==== Dataset excerpt

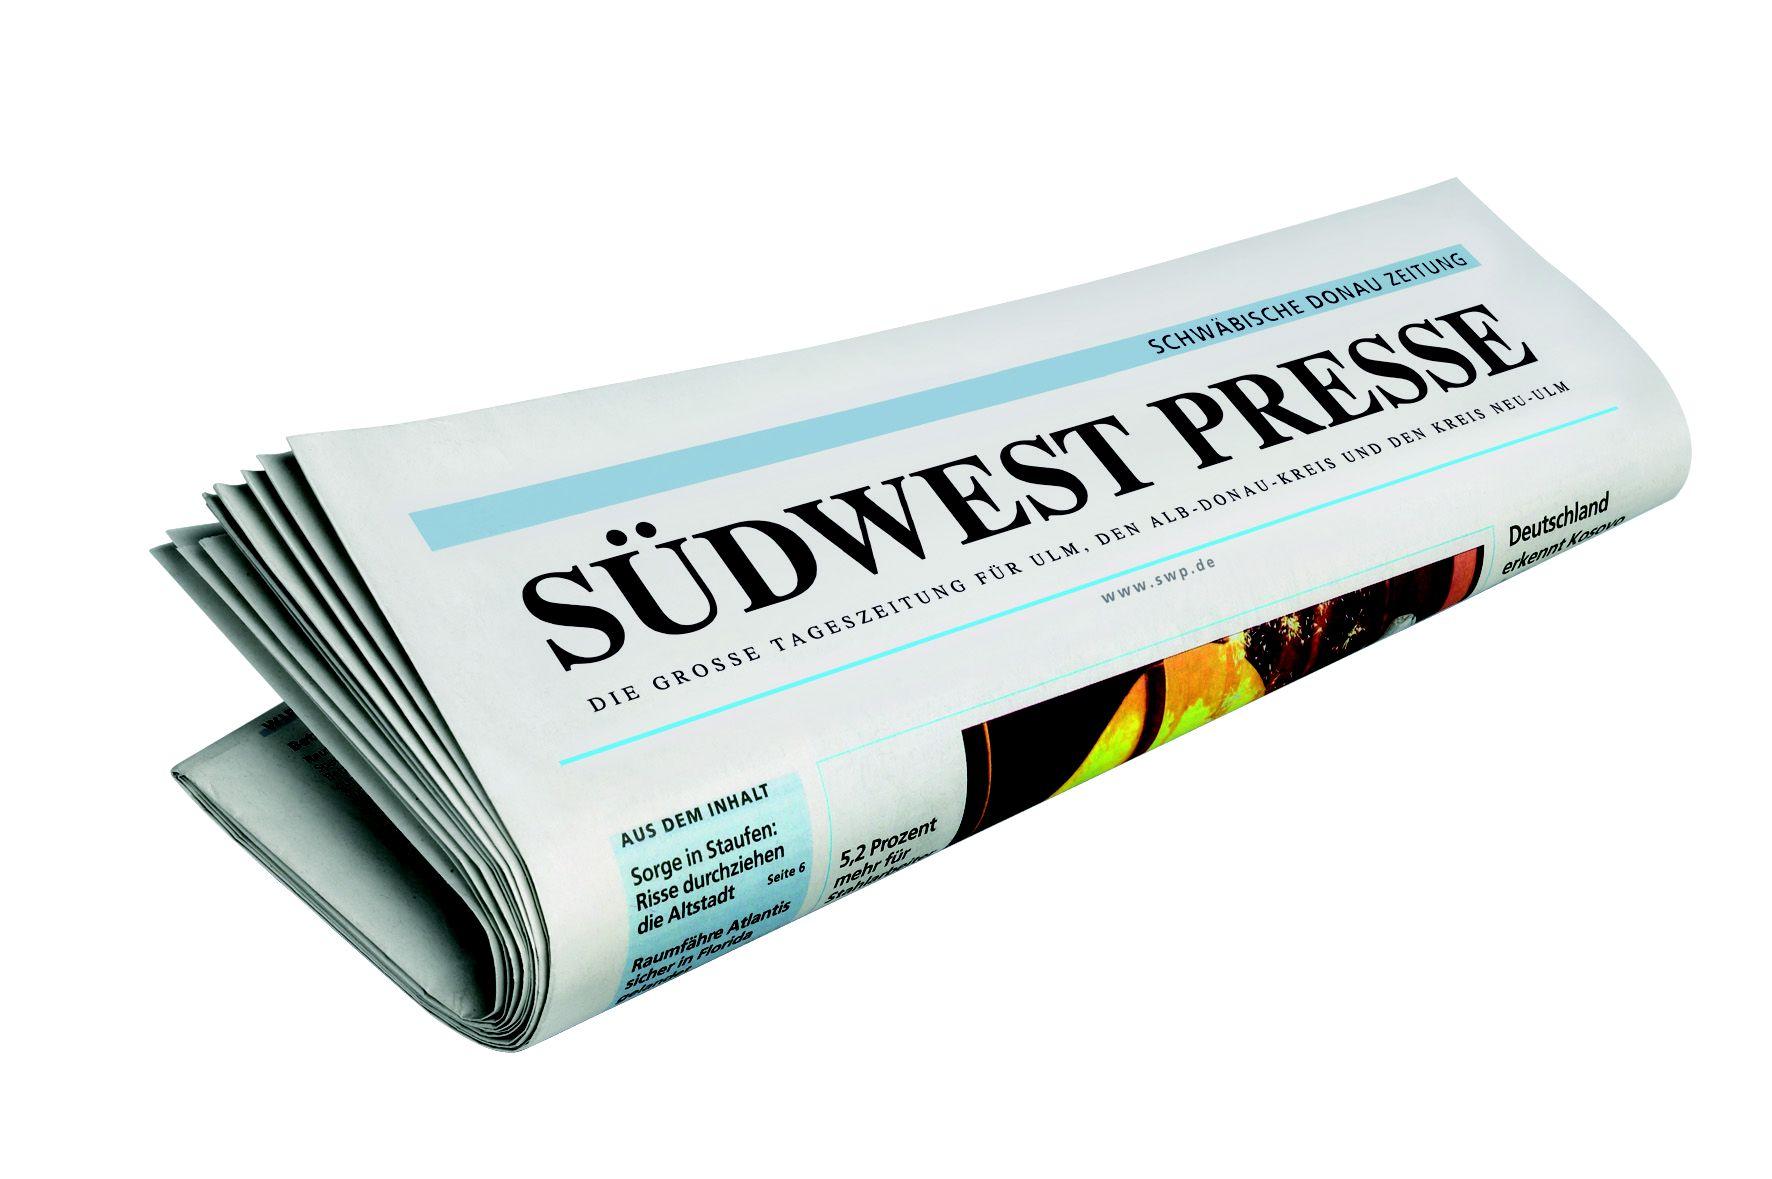 Sudwestpresse
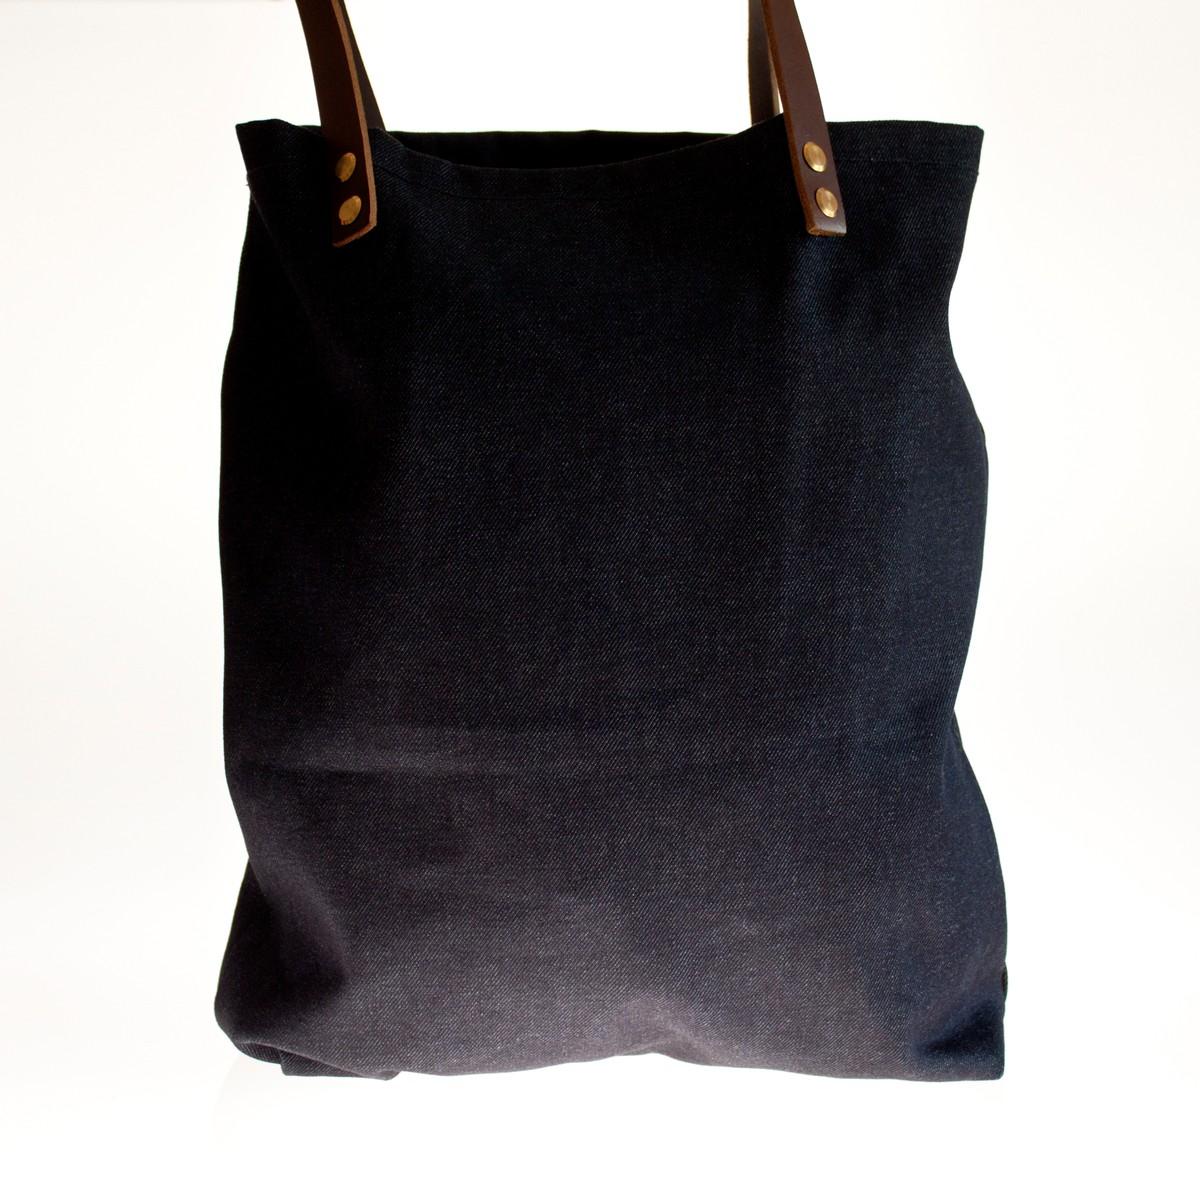 Photo of Indigo Denim Tote Bag
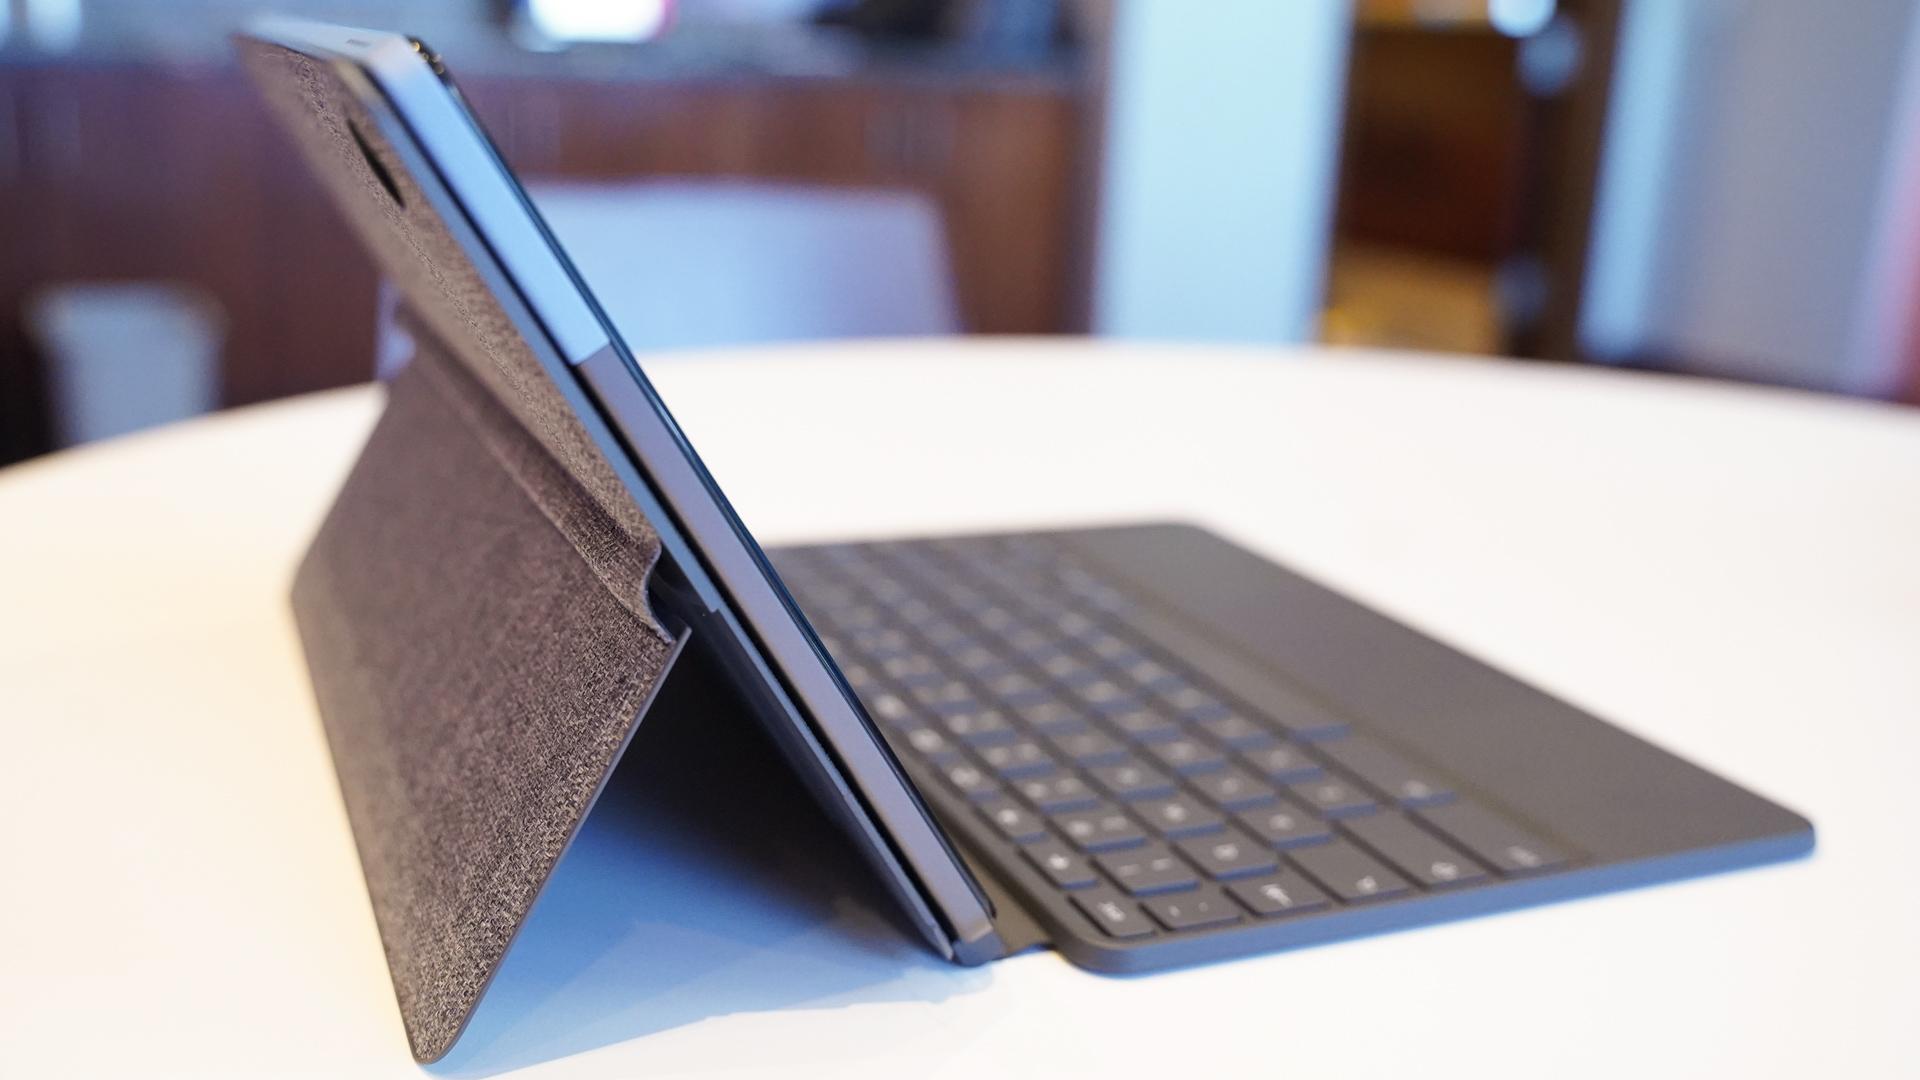 Lenovo IdeaPad Duet kickstand

========

Leave the pictures out and output the rest of the listing exactly.

Response to the exercise
 Sudwestpresse
 Photo of Indigo Denim Tote Bag
 Lenovo IdeaPad Duet kickstand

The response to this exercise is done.